As I sometimes do, I’ve started the day on the wrong foot: I read the Irish Times editorial.
It wrings its hands over the Good Friday Agreement (naturally it refers to it as ‘the Belfast Agreement). It then blames everybody – Sinn Féin, the DUP, the British government, the Dublin government. It quotes the wise words of Peter Robinson, who said last week “We can’t allow all that has been built up over the past years to be lost”.
Right. That’d be the same Peter Robinson who made an agreement, dug the first sod of the development at the Long Kesh site; then from the safety of the US sent a letter saying he had mis-spoken and mis-dug, there was going to be no shrine to terrorism at The Maze. This’d be the same Peter Robinson that was to meet with Martin McGuinness, who travelled from Derry to Stormont and found himself sitting twiddling his thumbs. No Peter.
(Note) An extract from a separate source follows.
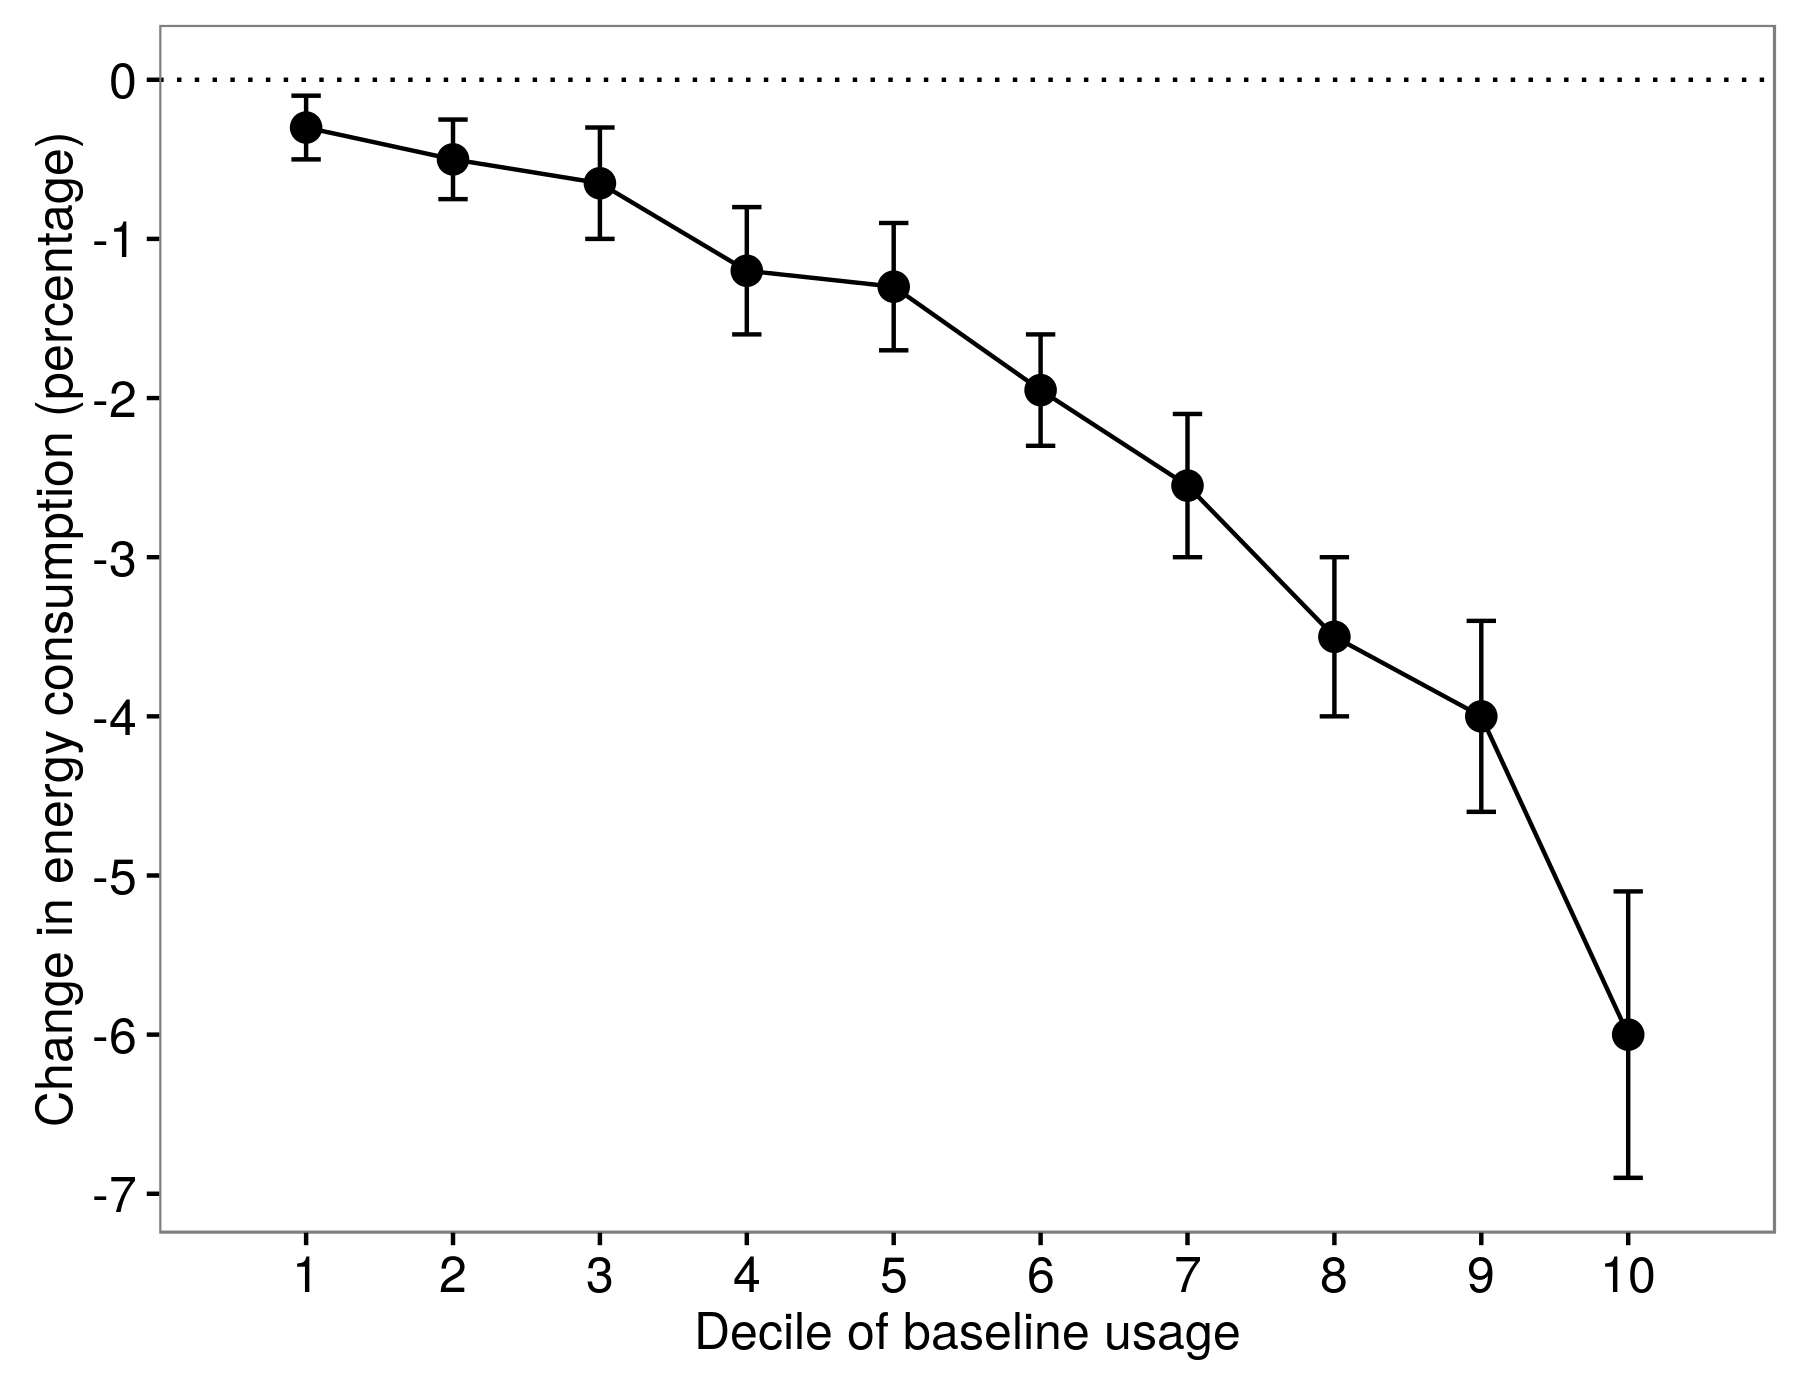 चित्र 4.8: एल्कोट मा उपचार को प्रभावहरु को हिजकत्व (2011)। ऊर्जा प्रयोगमा कमी आधारभूत उपयोगको विभिन्न निर्णयमा व्यक्तिको लागि फरक थियो। एल्कोटबाट (2011), आकृति 8।

The Irish Times’s assumption of the mantle we-criticise -everyone -therefore -we –are- fair is in fact wrapping itself in a duvet of laziness. Sinn Féin wasn’t the party that launched and maintained a scheme that has been dogged with charges of corruption as well as costing the public hundreds of millions of pounds. Sinn Féin isn’t the party that pulled the Gaeltacht bursary for poorer children and then wished all a Happy Christmas. Sinn Féin isn’t the party that simply refuses to assent to what is written into the St Andrews Agreement: an Irish Language Act. And Sinn Féin isn’t the party that signed up to all sorts of things, including a Bill of Rights, and then calmly ignores its commitments. In fact that’s Peter Robinson.
No party, including Sinn Féin, is free of blemish or blame. But when the scales are so obviously weighted on the side of unionist arrogance and bad faith, writing I-beat-all-my-children-therefore-I-am-fair editorials is a sad cop-out from a newspaper that sees itself as the voice of thinking Ireland.